Whatcha making in AE?


re: two-way mapping: see sketch-n-sketch (https://ravichugh.github.io/sketch-n-sketch/) for another effort in this vein


Lisp has a long history in computer graphics. It was particularly popular in the 1980s.

There was Symbolics, a manufacturer of Lisp workstations (sometimes also remembered as the first company to register a .com domain).

Symbolics had a Lisp-programmable 3D graphics suite that seems to have been fairly successful at the end of the decade. Here’s a video from 1989: https://youtu.be/gV5obrYaogU

The video doesn’t seem to show any Lisp though.

On the 2D side, the immensely popular AutoCAD adopted Lisp as its expansion language in 1985.

Autodesk founder John Walker explains the decision in this contemporary memo “Why Lisp”: https://www.fourmilab.ch/autofile/e5/


Also notable in the context of "two-way mapping" is Dynamic Windows, the Symbolics Lisp-machine window system. Dynamic Windows was a "presentation-based interface", by which its authors meant that data structures had "presentations", which were interactive widgets that could be used to interact with values.

For example, if you evaluated a Lisp form in the Listener, it printed out the value just as you would expect, but what you might not expect is that both the evaluated form and the returned result would automatically be mouse sensitive and would offer menus of operations to be performed on them that were relevant to the data structures that they represented. The text on the screen wasn't just text; it was a "presentation"--in other words, a kind of reference to the in-memory data with an interactive visual representation.

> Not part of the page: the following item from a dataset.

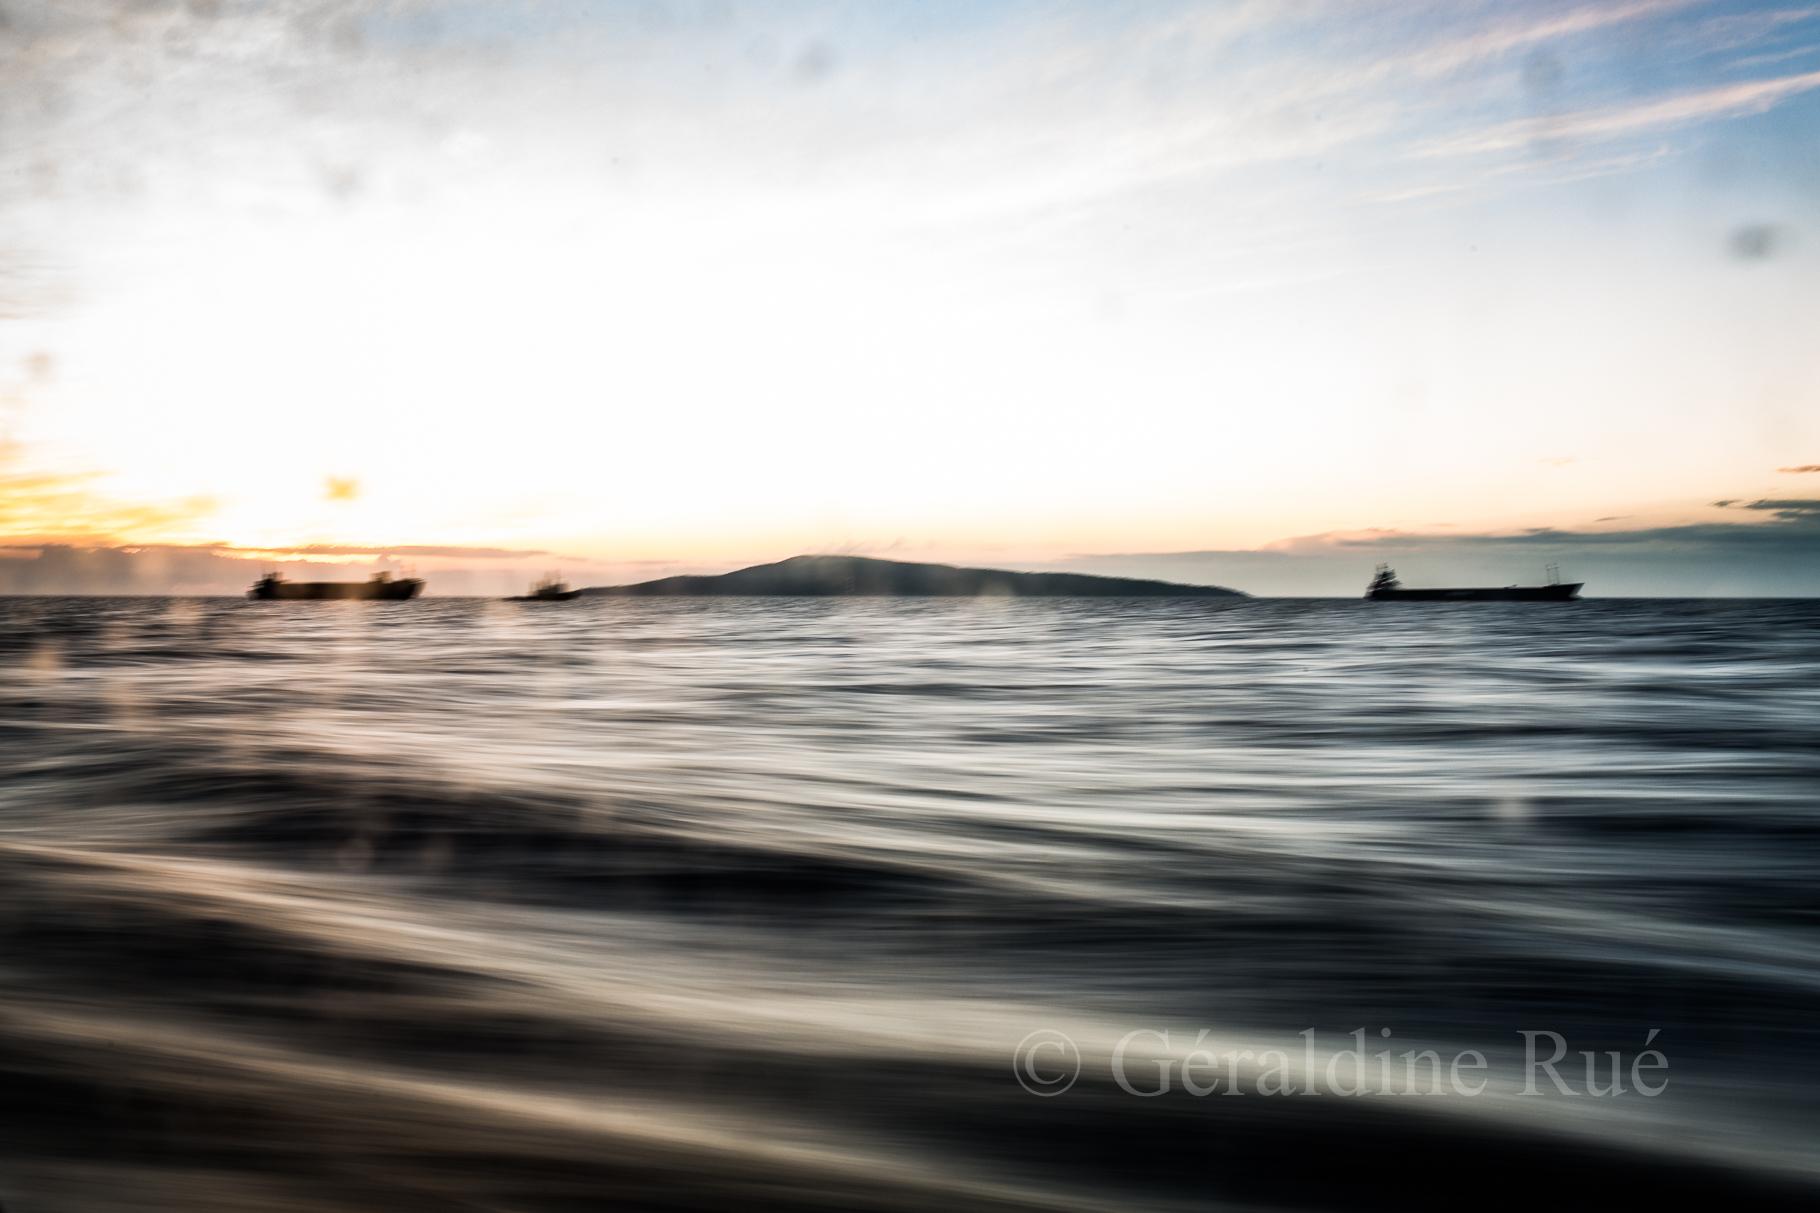 Croisière baltique3469© Géraldine Rué

Later, Apple did something similar with SK8, a sort of Hypercard-on-steroids built on Macintosh Common Lisp. Its design was not exactly like Dynamic Windows, but it shared the idea that values could have presentations. A distinctive feature of SK8 was that you could grab and drag widgets with the mouse, then drop them into a listener window to get references to them that you could then use in code to operate on the live widgets.

So there's definitely a good amount of stuff you can do in this "two-way mapping" direction. Some of it has been done before. Doubtless much more remains to be discovered; it just needs the application of labor and imagination.


I love that video tour of the lisp driven graphics software. I was just watching it the other day.

I often wonder what would have happened if there was a line of that OS/software still going that was still partially code-driven. Reminds me a lot of the interactive text editors/visual programming stuff that was all over HN a few yrs back with Clojure and others.


----


The date is below the title next to the author: February 5, 1985.


----


I think the GP means contemporary as "at the time".


Right, I meant the memo was contemporary with the decision.


It looks like the fourth edition was released in February 1994. And the product release history's latest dates don't go later than 1994.


Reminds me of Symbolics S-PACKAGES from the 1980s... (also LISP)

https://www.youtube.com/watch?v=gV5obrYaogU

Edit: looks like someone beat me to it below


Can some plz hack Emacs support for this. Lisp without paredit-mode or lispy-mode is really not my cup of tea anymore.


Why not take a shot at it yourself? Both Emacs and Ronin are open source.


Isn't this just SVG but with different syntax?


is SVG more than a markup language? Ronin has trig operators, lamda functions, conditionals etc


And dynamic behavior: handlers for mouse clicks and animation events that are written in the parenthetical language.